Month: November 2008

  • Google posts 10,000,000 pictures from Life magazine

    There are about 2 million photos up already. Go ahead, browse. Wonderful history. Life magazine was the premier photo magazine in the US for many many years, in the heyday of magazine, when there were only a half dozen really popular ones.

    Pictures through the years by Life Magazine
    Pictures through the years by Life Magazine
  • Bowling Alone in a Recession

    Reading the news today, a paragraph from David Brooks stands out as a prediction on the social fabric of the US as they (we?) enter into a prolonged recession.

    Finally, they will suffer a drop in social capital. In times of recession, people spend more time at home. But this will be the first steep recession since the revolution in household formation. Nesting amongst an extended family rich in social capital is very different from nesting in a one-person household that is isolated from family and community bonds. People in the lower middle class have much higher divorce rates and many fewer community ties. For them, cocooning is more likely to be a perilous psychological spiral.

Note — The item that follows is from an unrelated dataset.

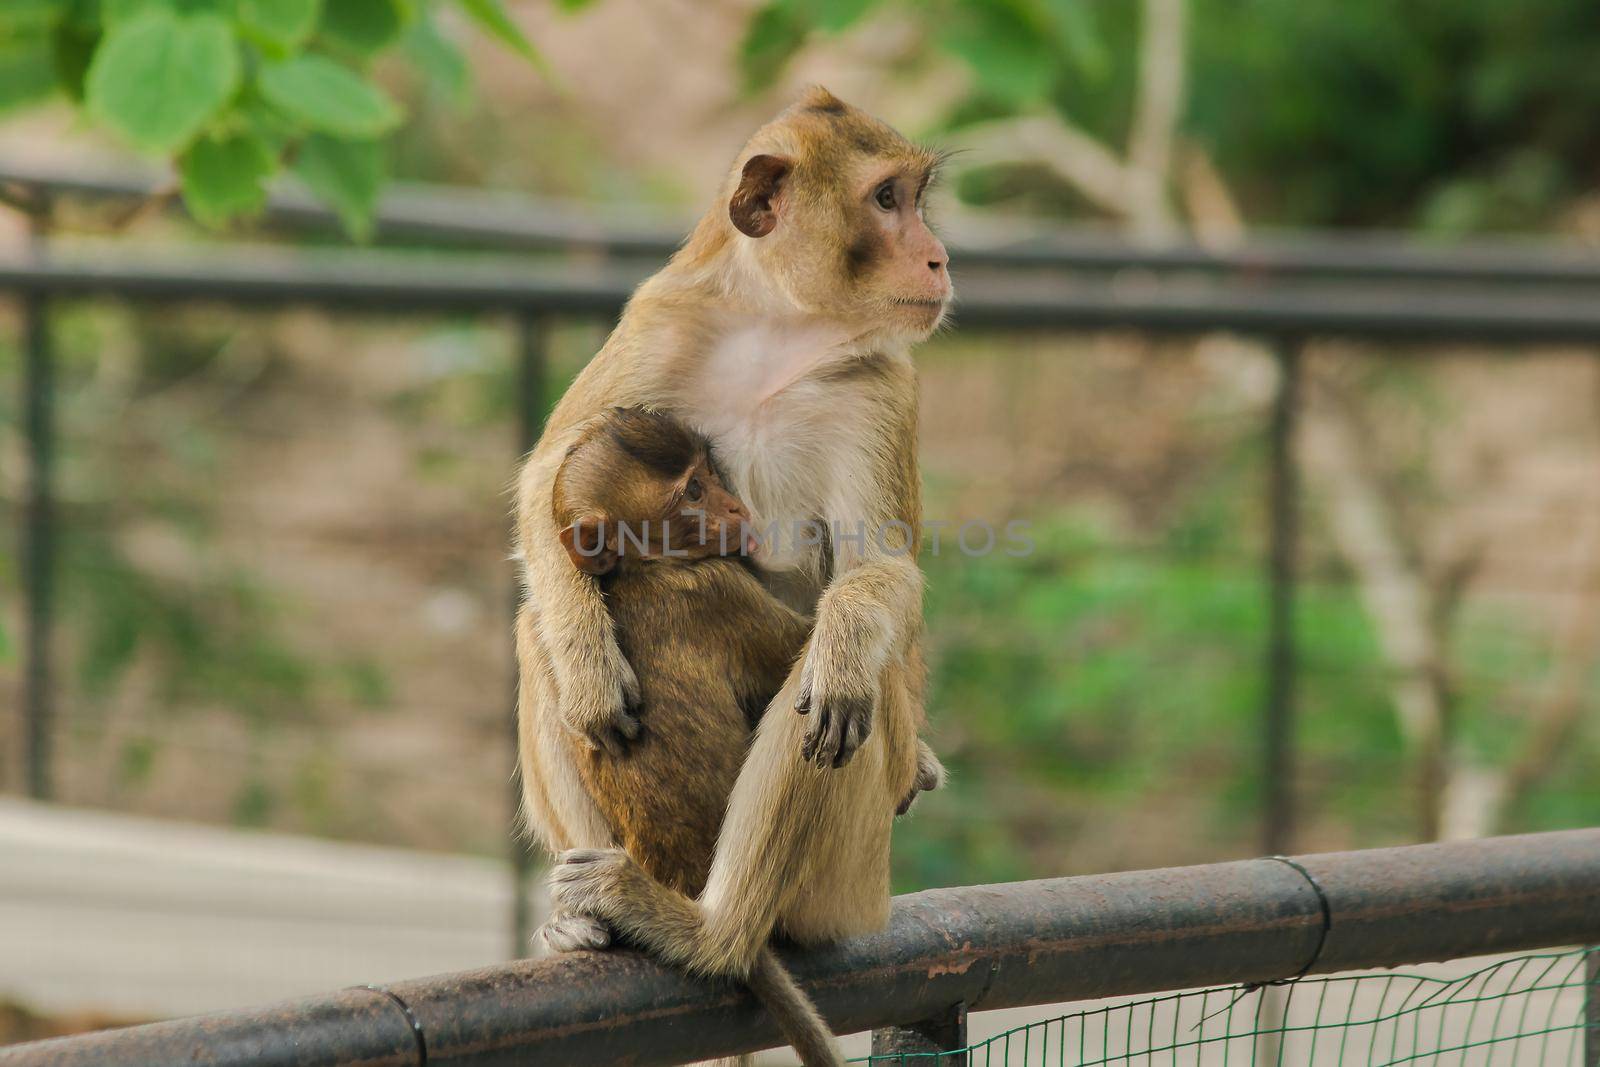 The baby monkeys feed on the milk from the sitting mother. by Puripatt
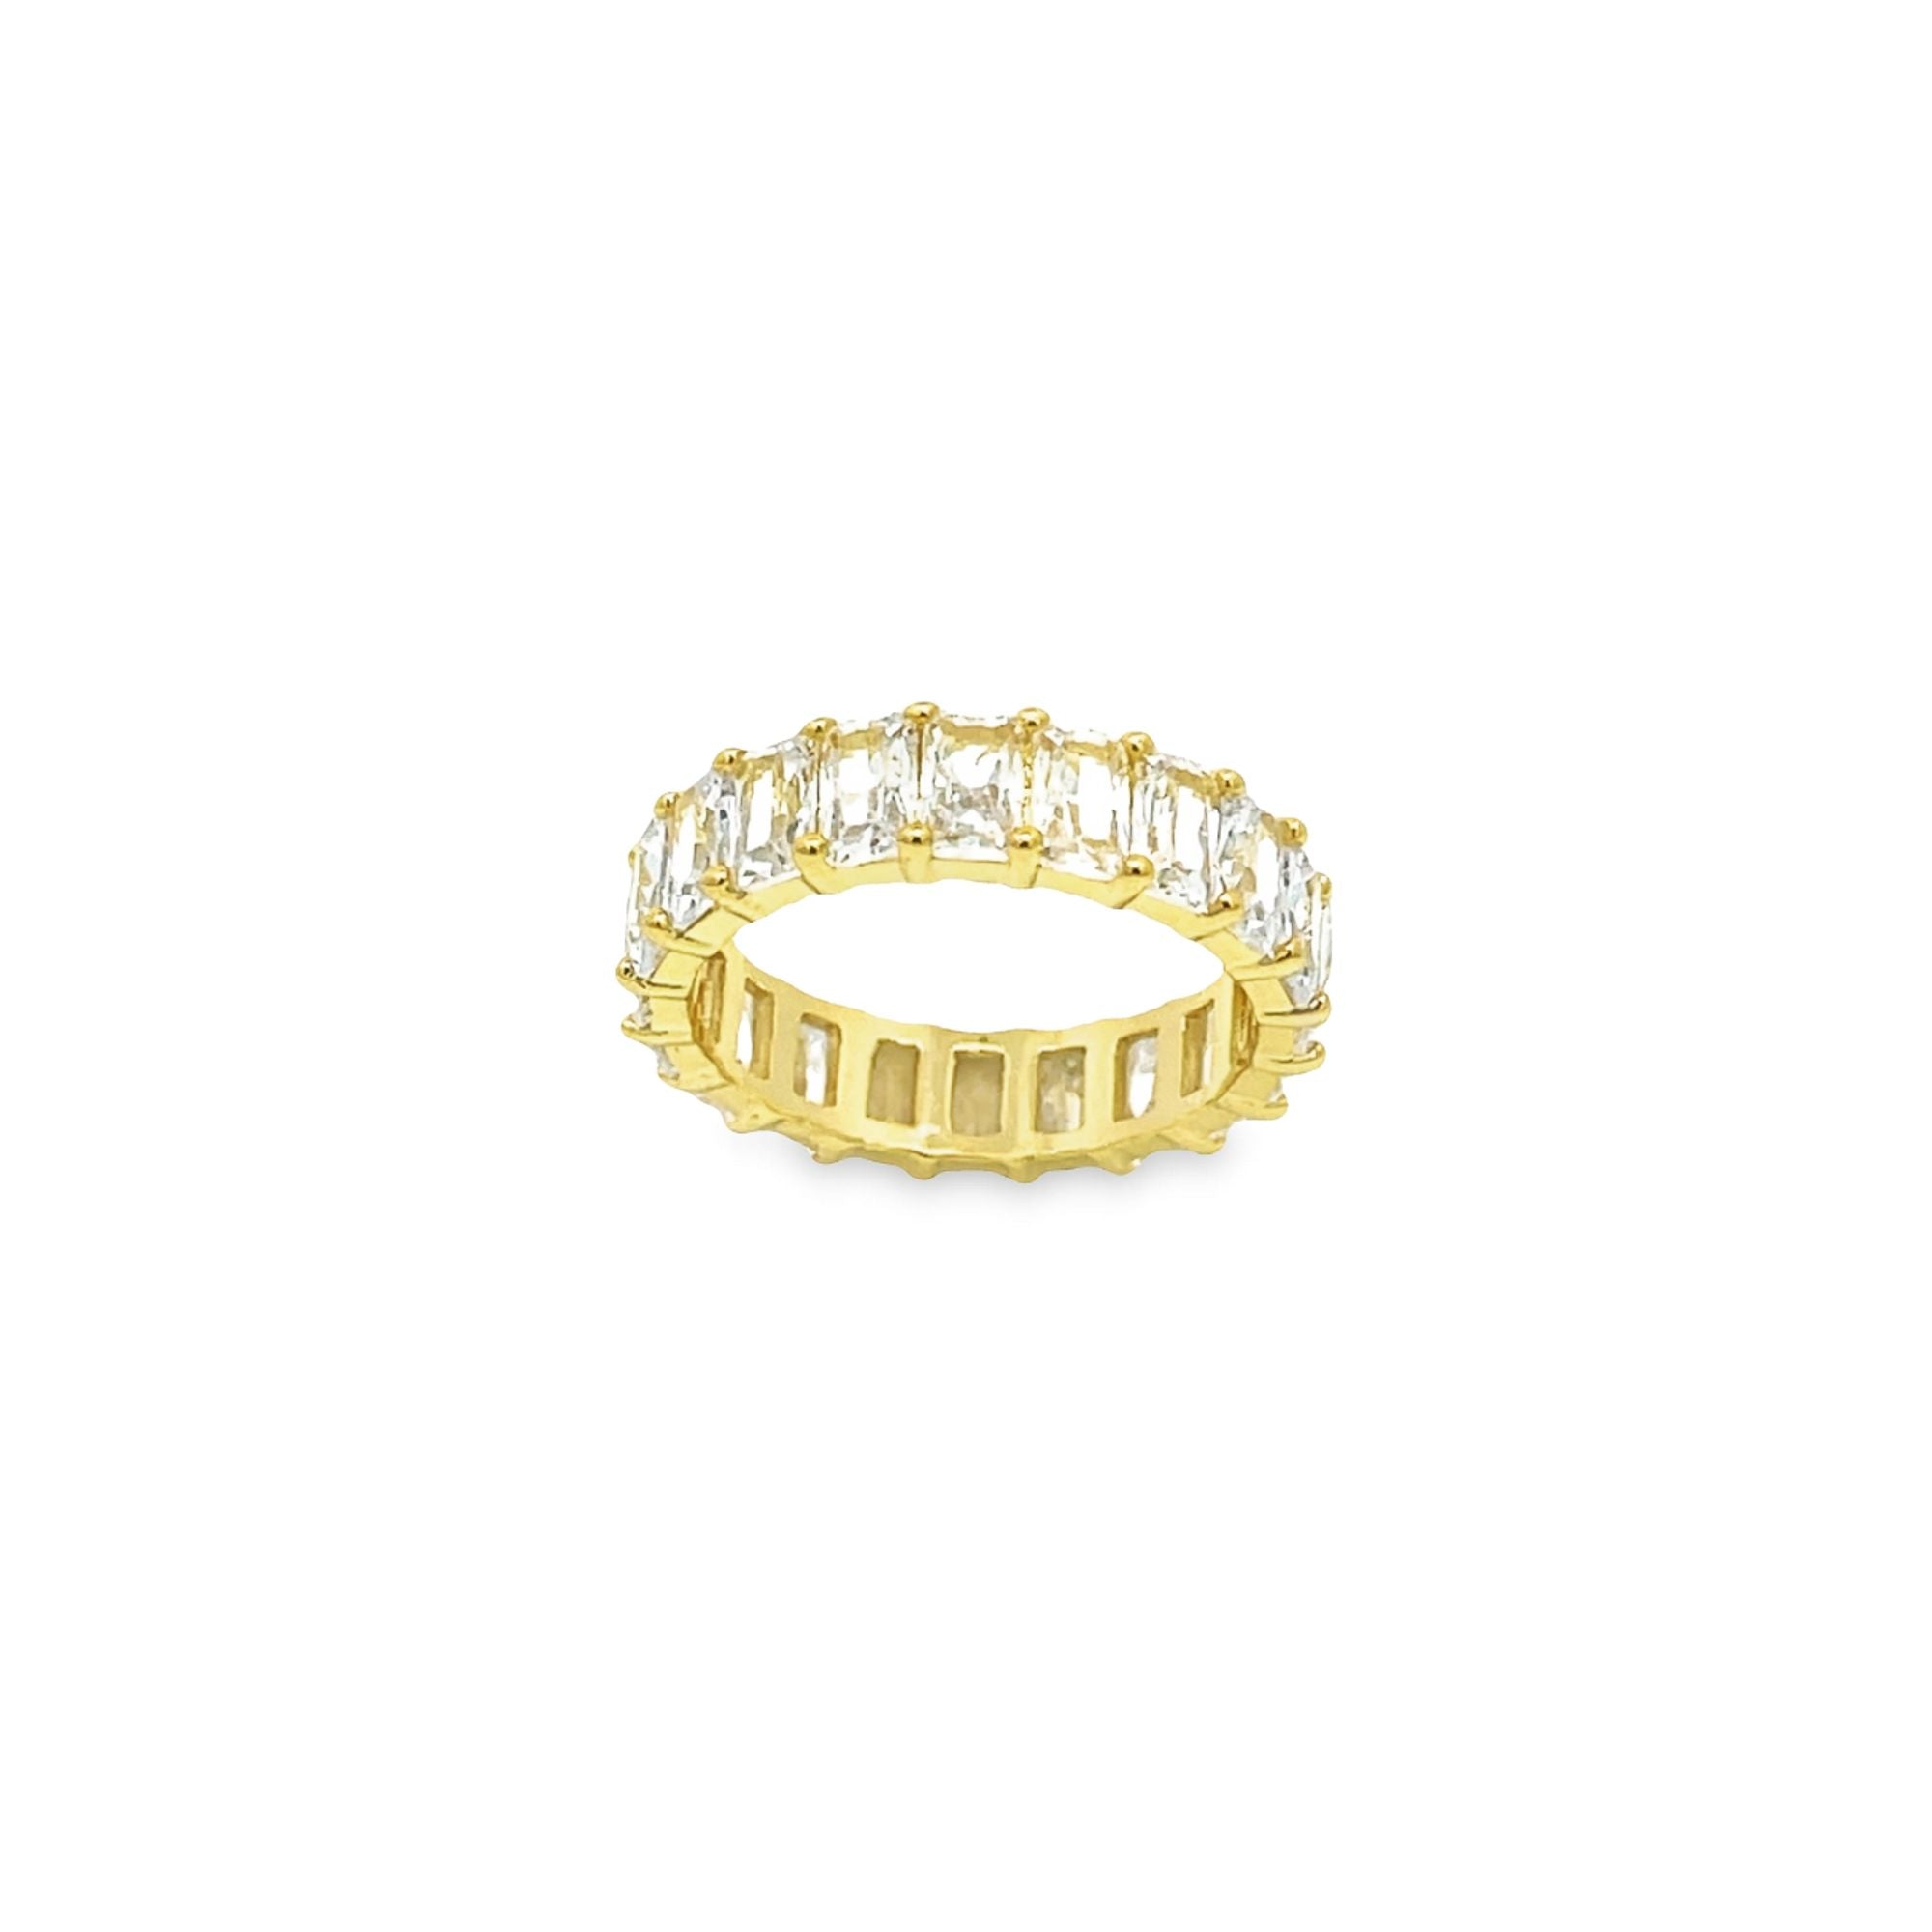 Open Cuff Bracelet with Round Cut Stones - Yellow Gold, Size Medium, 18K - The GLD Shop

    Having seen this first-hand as a consumer in Japan, and as a provider of services (education), I can attest that adjustments are harsh, but usually not swift. If you can start to rebuild your personal infrastructure, and adapt, you will eventually achieve both an adjustment of expectations and possibilities that will leave you with a cleaner outlook on the world.

    The title refers to a book about socialization in the US. Will follow up later.

  • French Stories by a kid

    Xeni Jardin over at BoingBoing found this great kid telling stories in French. It’s 4 minutes, and she will steal your heart. Try to match the English words with the French ones, some are similar, others are not.

    Once upon a time… from Capucha on Vimeo.

  • This isn’t happiness

    Great blog with pictures, video, lots of unusual stuff like this artwork of Joe Lacchi. From the blog this isn’t happiness. Peter Ndzgorsky is involved there somewhere. Take 5 minutes and feast your eyes.

  • Implicit Knowledge

    Thanks to the guys over at Freaknomics, specifically Ian Ayers editorial in the Los Angeles Times by the Police Commissioner, I have found a new tool.

    Ayers did a study on who gets stopped by the LA PD. Minorities are stopped much more often, searched, frisked and questioned much more than whites, even when violence is controlled for. His study also shows that these minority searches and questionings turn up far fewer results than when questioning and searching whites.

    So the Police Commissioner complained in an editorial about Ayers study. The link above is the response by Ayers to those remarks. Very telling, and very scientific. Clear thinking, as opposed to the blustering of the Police Commissioner.

    In any case, near the end of the post, Ayers suggest that to begin to alleviate the problem, every officer on the force should take the Implicit Association Test, developed at Harvard and free online. These tests measure whether you have a prejudice (prejudging) toward some group of people or ideas. I took the Fat/Thin test as an example. It showed fat people and thin people in pictures. I had to quickly identify by pressing one of two keys on the keyboard (one on the right, the other on the left) as quickly as I could, without thinking. Then I had to match vocabulary to the words GOOD and BAD. Then the pictures and words were combined in different orders. I had to match faces or vocabulary quickly, without thinking.

    It takes about 10 minutes to do a test, and it takes your full concentration. Try it out for a number of possible unconscious (or pre-conscious) leanings. I am going to get my students to do the gender one. They have versions in many different languages.